Introduction
The development of text embeddings has been instrumental in advancing the field of natural language processing. These embeddings represent text as low-dimensional vectors, facilitating efficient retrieval and matching between texts, which are widely applicable in retrieval, clustering, and classification tasks. Although pre-trained LLMs such as BERT and GPT are capable of producing transferable text representations, they are suboptimal for single-vector embedding tasks. The paper introduces a new approach for generating high-quality text embeddings through contrastive pre-training with weak supervision.

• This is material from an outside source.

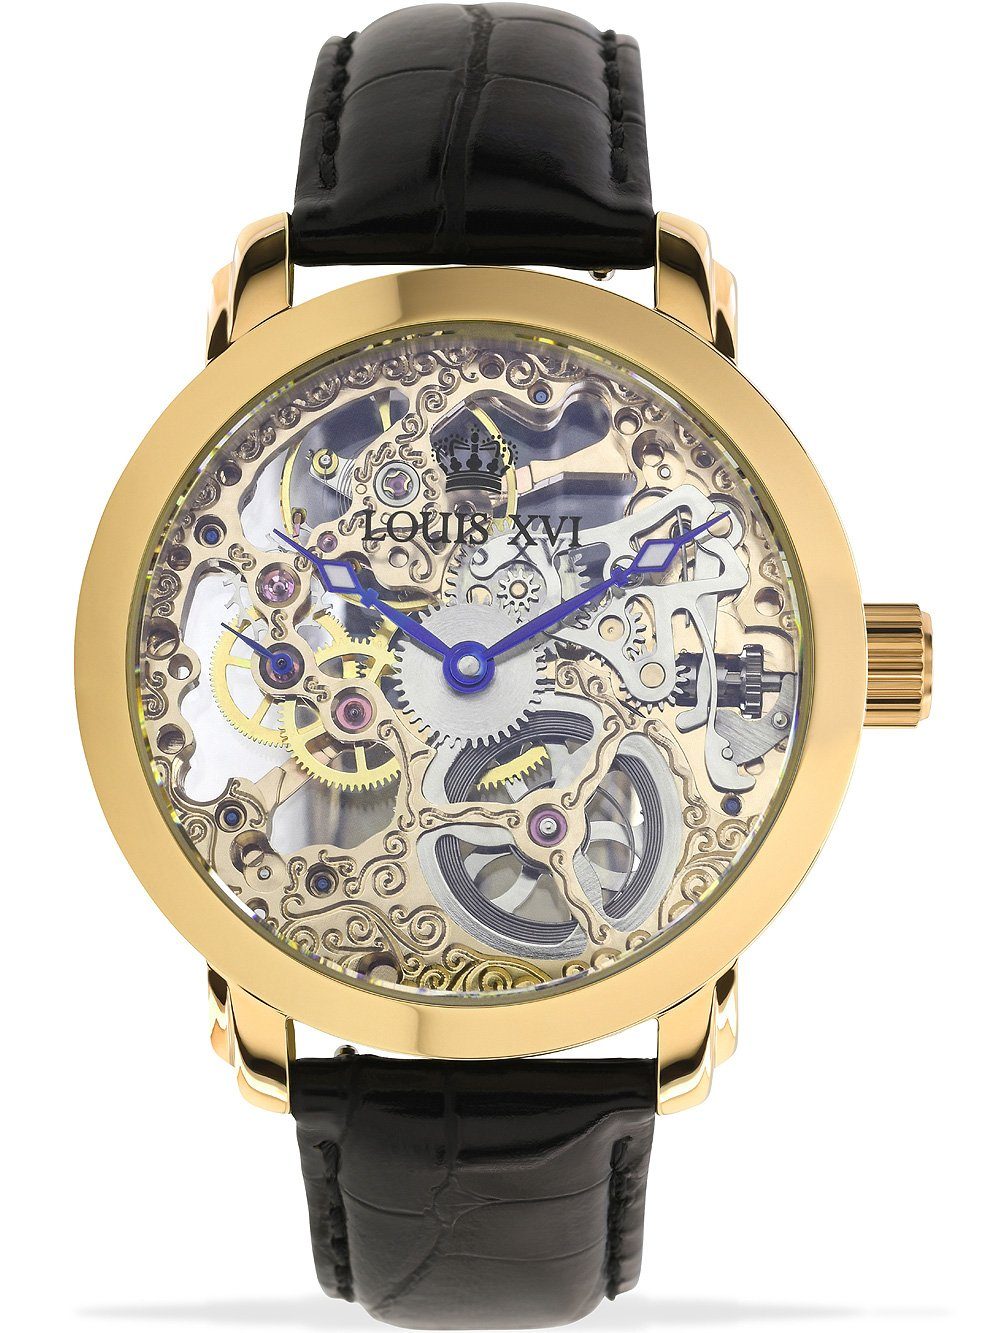 LOUIS XVI Schweizer Uhr Louis Uhr LXVI651 XVI Unisex 5ATM 43mm Versailles

Data Curation and Methodology
The cornerstone of this approach is the dataset, termed CCPairs—a curated collection of large-scale text pairs, which have been extracted from semi-structured web sources and filtered for quality using a consistency-based approach. This dataset enables contrastive learning, where the model distinguishes between relevant text pairs and numerous irrelevant counterparts within a large batch of examples. By leveraging weak supervision from heterogeneous sources like CommunityQA, Common Crawl, and scientific papers, the model, E5, is trained contrastively using in-batch negatives.
Model Performance
E5's performance is rigorously evaluated on the BEIR and MTEB benchmarks. Remarkably, without relying on any labeled data, E5 outperforms the strong BM25 baseline on the BEIR zero-shot retrieval benchmark. When fine-tuned with labeled data, its effectiveness further escalates, surpassing other embedding models with significantly more parameters. The fine-tuning method involves a blend of datasets that impart human knowledge into the model, refining its capacity for superior text embedding tasks.
Applications and Analysis
The core contribution, the E5 model, exhibits versatility and efficiency, catering to tasks demanding single-vector text representations. It is beneficial for zero-shot retrieval, few-shot and zero-shot text classification, semantic textual similarity, and text clustering. In summary, E5 sets a new precedent for general-purpose text embeddings, suitable for a vast array of applications and demonstrating empirical gains despite having fewer parameters compared to some of the larger models available. However, questions surrounding the ability to achieve state-of-the-art embeddings solely from self-supervision remain open for exploration.